Our vision is to enable a model of analyst augmentation where the system proactively identifies beneficial computational tasks, performs them, and seamlessly integrates the results into the analyst’s workflow. These computational tasks can be both assistive/amplifying in nature, where the task is one that the analyst would have asked for as part of their current workflow, or broadening/complementary in nature, where the task is one that may benefit the analyst’s workflow but not one they would have thought or known how to ask for.
The Collaborative Computing exemplar develops fundamental understanding of and explore novel approaches to what we see as three core pillars of collaborative computing:
- Instrumentation and Observation – Understanding and capturing what the analyst is doing with minimal interference to the analyst
- Tasking and Execution – Using the instrumentation information to determine which computational tasks should be performed and executing them
- User Experience – Integrating the computed information and products into an analyst’s workspace without unintentionally destroying an analyst’s natural workflow
The research efforts in these areas are grounded by data capturing existing and potential analytic tasks.
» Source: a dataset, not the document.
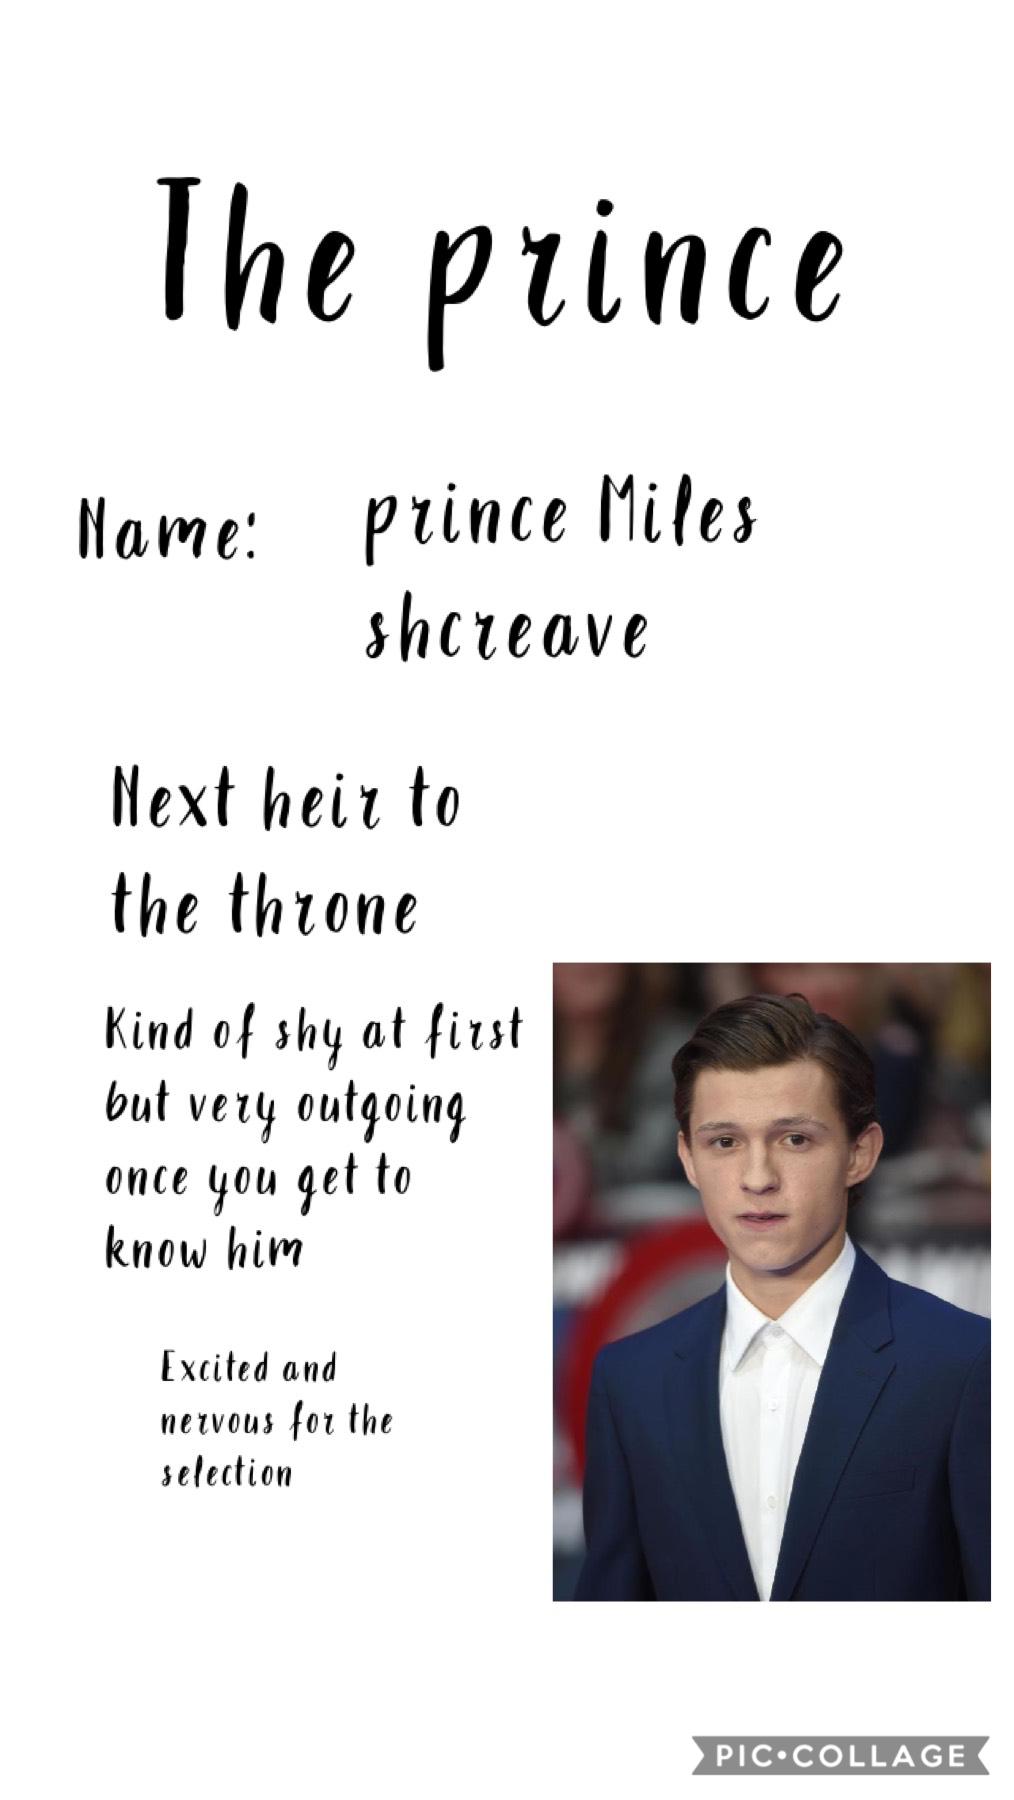 Introducing Prince Miles

Our preference is that this data be generated through the instrumentation of tools and prototypes that analysts can use to provide real mission value. Therefore, a significant part of the Collaborative Computing exemplar is the design and development of the instrumentation approach to generating, collecting, and structuring analytic workflow data for further analysis. Of additional interest is the development and implementation of workflow recommenders.
This exemplar also develops user-facing, value-adding, collaborative computing prototypes based on the understanding gained by analyzing workflow data. The main objective of these prototype development efforts is to quickly iterate capabilities that provide mission analysts real value through collaborative computing. These prototypes will also be instrumented so that as their value is demonstrated through their increased usage, they will capture more data about analytic tasks and workflows.